# Bear Lake - Scout Camp



## tapehoser (Sep 10, 2007)

I am going to the Aquatics Camp with some Boy Scouts next week. It's on the southeast side of the lake. While the boys will be taking classes, I plan on being in FULL vacation mode, complete with flip-flops and a fishing pole.

However, since I am limited to fishing from the shore, I am wondering what the best methods would be? I'm not a *great* fisherman by any stretch of the imagination, but I enjoy it thoroughly. I plan on having a pole in the water 8-10 hours per day.

Any advice is appreciated. 

I know what fish are native to the lake, but what can I expect to catch if only fishing from the shore? Should I even try?


----------



## Clarq (Jul 21, 2011)

When I went to that camp a few years ago the only fish we could catch were carp and chubs. We just threw a worm out at far as we could get it and let it rest on the bottom. The fishing was really slow the first couple of days because we fished near the camp. When we drove away from the camp we found a carp hotspot and landed 15 carp in only a few hours.

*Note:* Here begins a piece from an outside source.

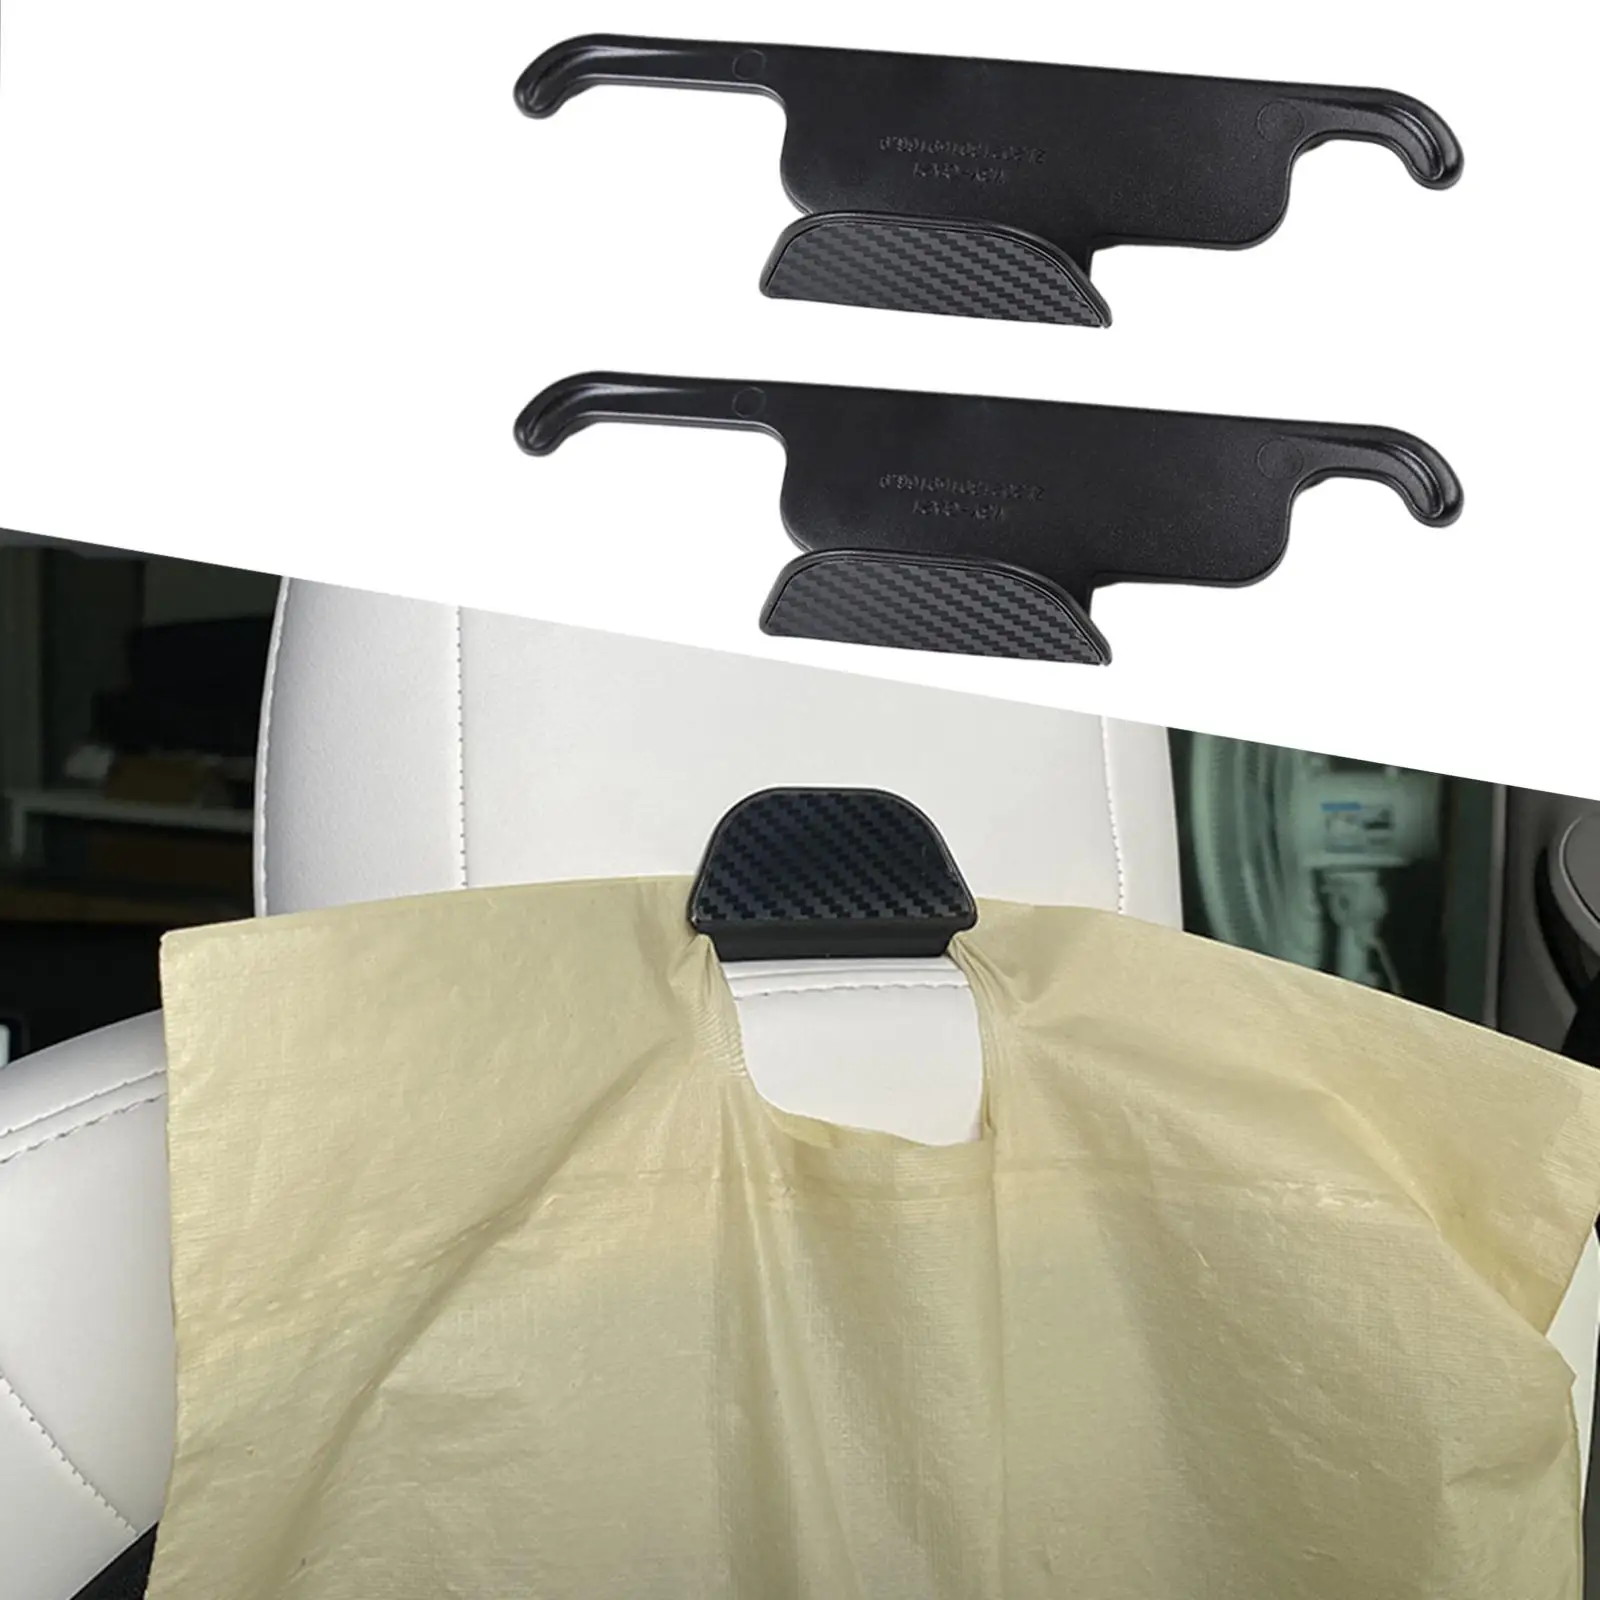 2x Car Seat Hook Hanger Seat Headrest Bag Holder Fit for Tesla Model 3 Y Parts Replacement

We caught carp up to five pounds and chubs up to 4 inches. Good luck.


----------



## tapehoser (Sep 10, 2007)

Never eaten a carp. Edible? When I was a kid we referred to them as "garbage" fish and would never dare eat one.


----------



## Clarq (Jul 21, 2011)

I've never eaten one either, but everyone I've asked about it says that carp tastes like mud. It might be worth a try though.


----------



## Huge29 (Sep 17, 2007)

Clarq said:


> I've never eaten one either, but everyone I've asked about it says that carp tastes like mud. It might be worth a try though.


Ask any Euro or Asian and they will tell you how we are crazy for eating that crappy trout that carp is the best...


----------



## MACMAN (Feb 14, 2011)

Find some cisco and get as much line on your reel as you can get, borrow one of the scouts canoes and row you bait out as far as you can get it. Hang a bobber from your line between the eyelets and kick back- the locals call this method longlining, it's a pretty good way to catch summer fish and maybe your only chance from the shore. If you can get back to the point to the south of the camp, you'll have better luck (second point).


----------



## tapehoser (Sep 10, 2007)

What kind of bait do I use to catch a Cisco?


----------



## tapehoser (Sep 10, 2007)

Fishing with some deep line in a canoe is very appealing. I will give it a try. Perhaps I will get lucky and hook a 5-pound trout? We shall see.


----------



## Dodger (Oct 20, 2009)

tapehoser said:


> What kind of bait do I use to catch a Cisco?


You will only catch cisco in the wintertime with a net. You'll have to find someone who caught a bunch back in January that is willing to part with a few. I don't think it is legal to sell them, but the bait stores nearby might have some replacement options.


----------



## Clarq (Jul 21, 2011)

You can find frozen chubs/suckers that might be a good Cisco replacement at Sportsman's Warehouse or Cabela's. When I went there two years ago they wouldn't let us fish out of the boats. I sure hope they let you. The point south of the camp (second point?) is where we caught all of those carp. You might also be able to catch rainbows if you go near the state park where they plant them. Just buy some heavy sinkers and get your bait out as far as you can. Good luck and please let us know how it goes.


----------



## Mavis13 (Oct 29, 2007)

Put a worm on a hook. Chuck it out there; you'll catch a carp. Hack a piece of carp meet off and then jig or long line with that. We've caught a few trout over the years like this.
Good Luck.


----------